* WHAT IS BEING ASKED: Below is a listing. Write out exactly its lines between the one holding "moderne eiland keuken" and the one holding "Templo del Faraón: Descubre", inclusive.

[Opening MATERIAL SHOWN section]

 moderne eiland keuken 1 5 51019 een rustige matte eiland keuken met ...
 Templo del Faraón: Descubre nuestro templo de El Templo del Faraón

[Closing MATERIAL SHOWN section]
[Opening MATERIAL SHOWN section]

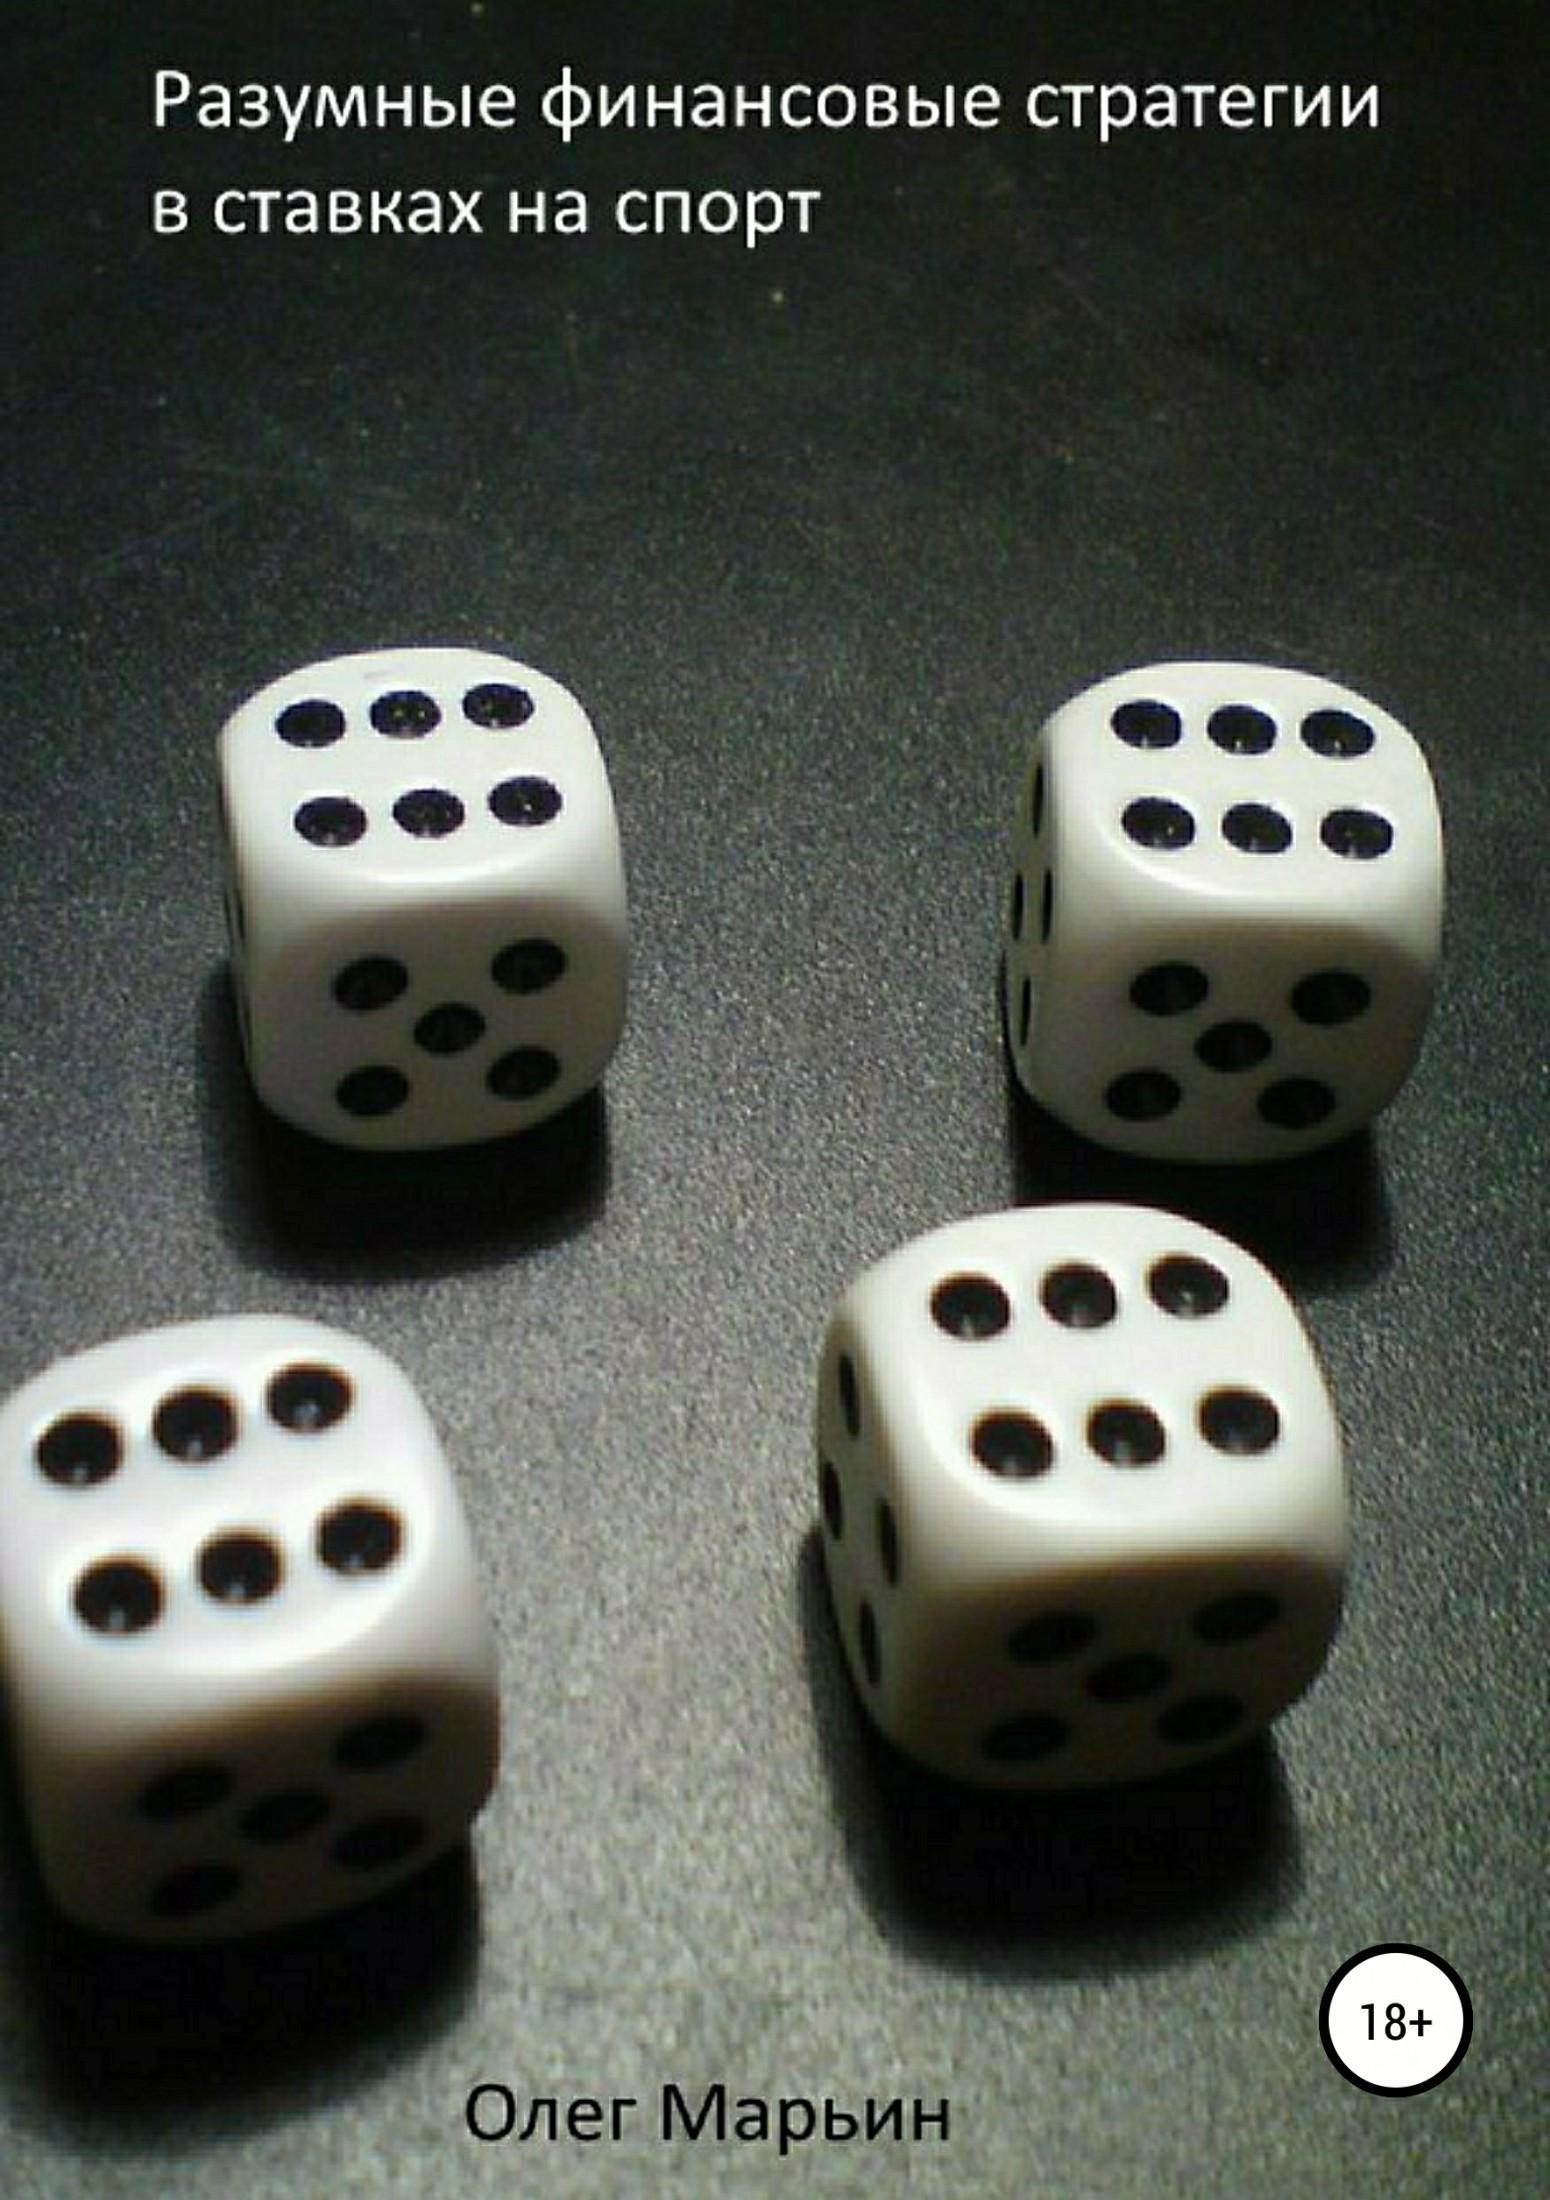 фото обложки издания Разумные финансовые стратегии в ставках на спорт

[Closing MATERIAL SHOWN section]

* OUTPUT FOR THIS EXERCISE:
 moderne eiland keuken 1 5 51019 een rustige matte eiland keuken met ...
 Templo del Faraón: Descubre nuestro templo de El Templo del Faraón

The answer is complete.